Now the banks are panicking because they’re worried that their legacy architectures and systems are too slow to run the same pace as the FinTechs. They’re trying to modernise their apps, do continuous innovation to put in technology platforms because they want to attract the ecosystem. A great example of a powerful ecosystem that draws business, is Amazon. Less than 27% of Amazon’s total assets are internally run and the rest are all partnerships. That’s a really powerful ecosystem of partnerships.
So, the key thing is for businesses to think about building an ecosystem of value, but thinking through the same time around things they want to let go off because they’re not particularly good with it.

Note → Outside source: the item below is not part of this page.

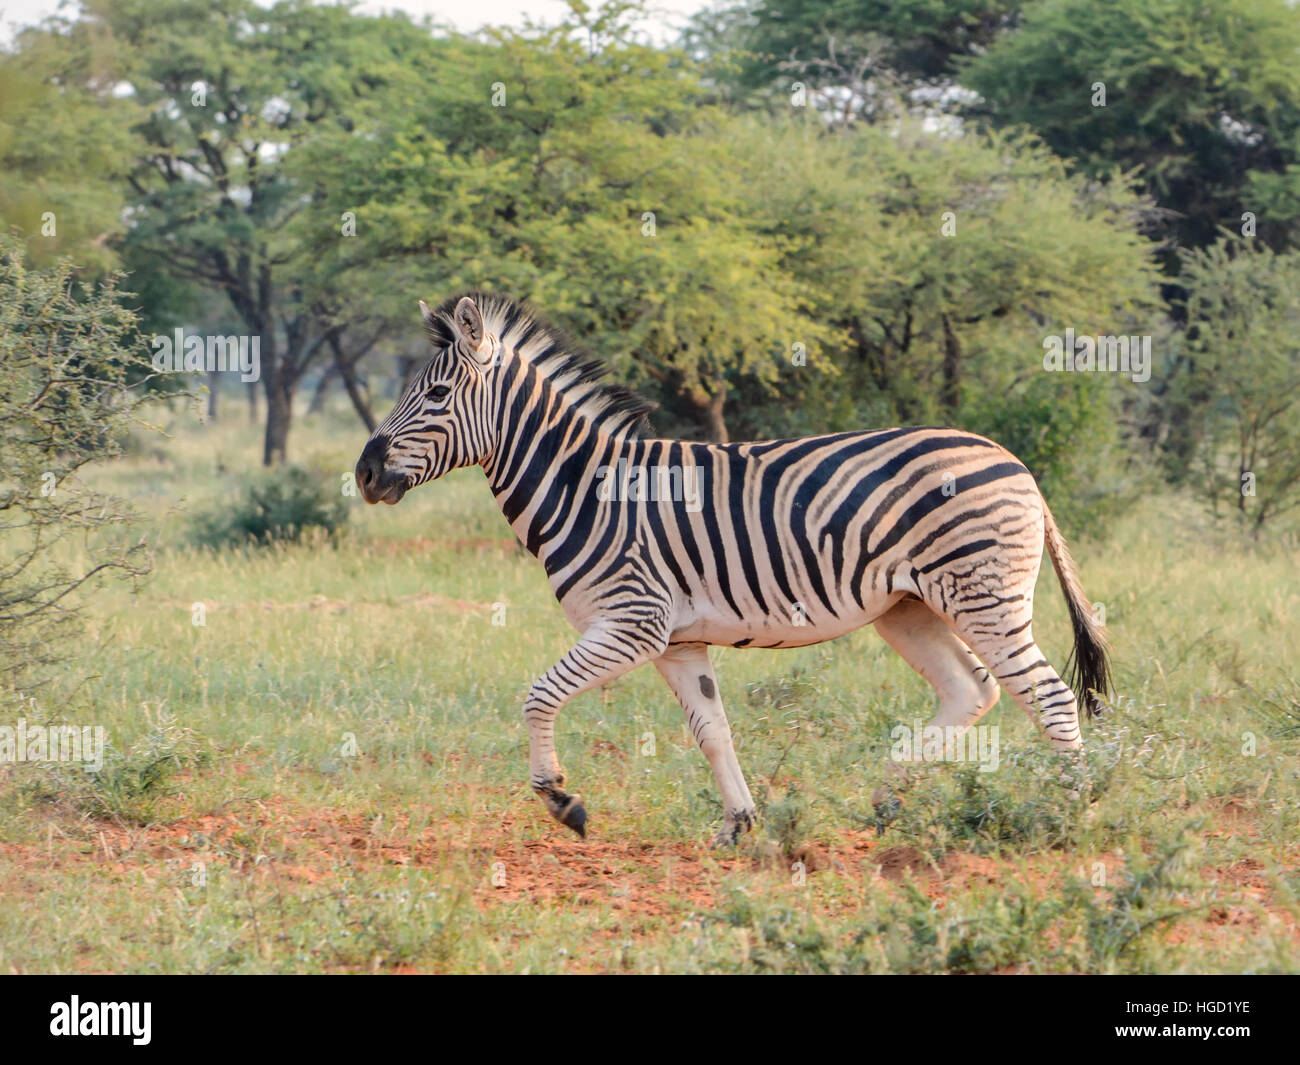 Un adulto Burchell Zebra trote a través de la sabana del África Meridional Imagen De Stock

Software Factory – Dimension #5: Trust & Safety
Fifth and final dimension then is trust. The dimension of trust in this new era changes because it’s no longer about perimeter base security; it’s about linking identity and access management to the individual. And not just the individual; the individual in a different device type. Having the dynamics to change that and govern that at the same time in a way which does not put the business at risk, number one. Point number two is, we’re now operating in a broader ecosystem of value because that’s our business model. That means a need to go from forty people who are privileged access users touching my system to suddenly thousands, and it’s a good thing. Because these people are co-creating, collaborating and building stuff with me, I need them to touch systems. But I need to be selective about what they’re touching where, how and when. I need to on-board them and off-board them, probably fairly transactionally, because I’ve got to govern and control my business. So privileged access user management becomes key in the new dynamic of the modern business and the digital era.
And last and by no means least, we need to think about safety. I talk about safety because when we’re building some applications in-house, we’re building more of them, we’re building in a more composable microservice style. We’re partnering with our ecosystem now to encourage third-party FinTechs from a bank or InsurTech from an insurance company, to come in and co-create and build applications with me.
They may be using open source components, which I have no idea from where they come. Our mashing up staff would maybe doing, because we’re doing things in a hurry, we may be potentially be introducing errors or issues in our code, and we get into the big, old, ugly world of vulnerabilities.
And so, as companies become more composite and more bimodal in terms of the way in which they organize themselves, they increase the risk of vulnerabilities. So, it’s important to do code scanning at a binary level, and to be able to do it on an end-to-end service context. And so, we talk a lot about safety because again a business is only trusted once. You could have the coolest application in the world but if you have unwittingly introduced some backdoors and some hacker gets in and pulls down the private confidential information, you’re in trouble. You get caught sharing by the way in the world of GDPR in Europe and its potentially heavy penalties on revenue, second defence is cessation of license.
These are the five dimensions of what constitutes the whole reason for being for our modern Software Factory.